Another factor often overlooked by the novice shareholder is that it takes time, often years, to achieve control of a corporation. Directors normally serve for a year. Assuming one is two months into a term, even a 90% shareholder cannot remove a Director (absent wrongdoing) for another ten months and during that time the minority shareholder, realizing that his days as director are numbered, may take aggressive action to better his or her position or change the company. Conversely, knowing that a majority shareholder is waiting to seize upon any error one makes and remove a Director can create atmosphere in a company so unfavorable to success that the company begins to fail.

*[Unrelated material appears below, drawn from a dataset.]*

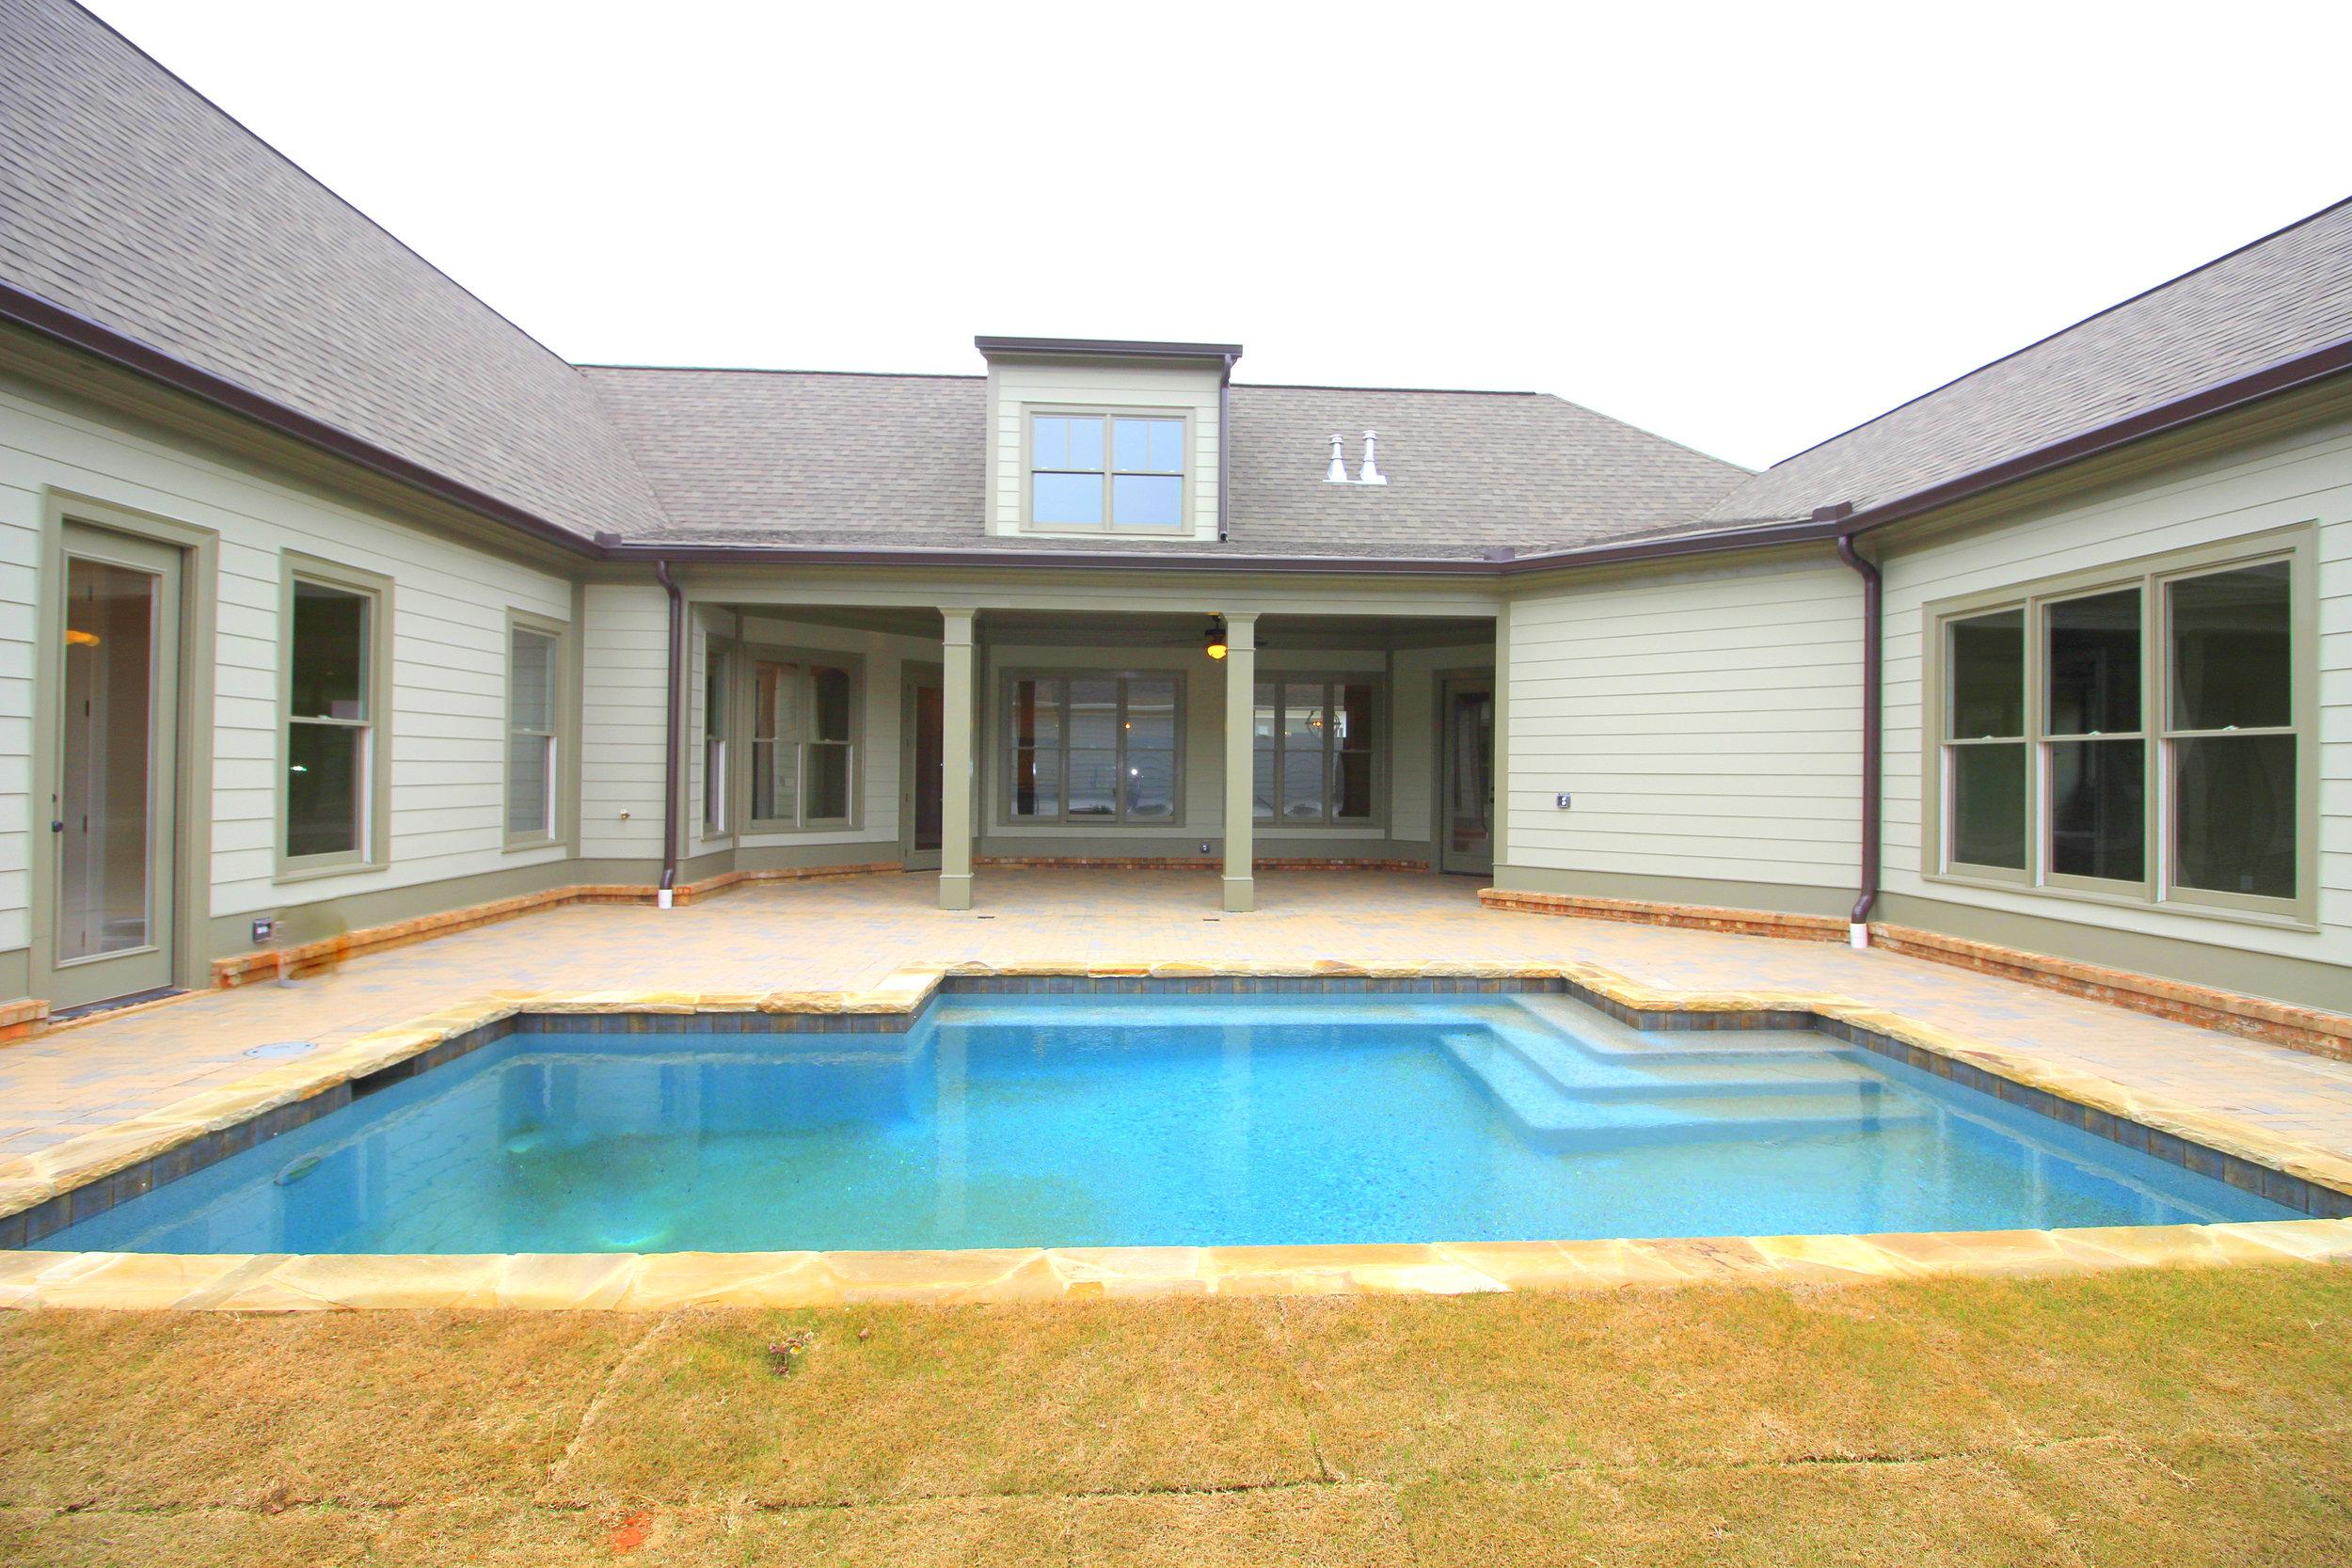 sodded-back-yard-with-pool-1756-greenleffe-drive-statham-ga-30666-the-georgia-club-oconee-county-oconee-springs-athens-area-home-for-sale-courtyard-homes.JPG

All these factors must be carefully considered before the shareholders take aggressive steps to asset their powers.


The corporate power structure has survived for well over a century because it is a brilliant way to do business. One of its most powerful assets is found in its excellent manner of handling disputes...but the methods and weapons available must be carefully considered and applied and it must be understood that errors made in use of them are not easily corrected. It is vital to know what one can and can not do and that knowledge is as basic to running a company as knowing the customers and the product. The most important time to make the structural provisions that are appropriate is at the creation of the company since once the battle is joined there is little chance to alter the structure to achieve particular ends.

In short, set up the company to protect yourself, learn the structure so that you can achieve your ends, and if it becomes necessary to use the power you have, prepare to do so carefully and with competent advice ahead of time. And, if you know you have the power, quite often you will never need to use it: you may mirror the dictum of Theodore Roosevelt who quoted an old African proverb: "Speak softly but carry a big stick".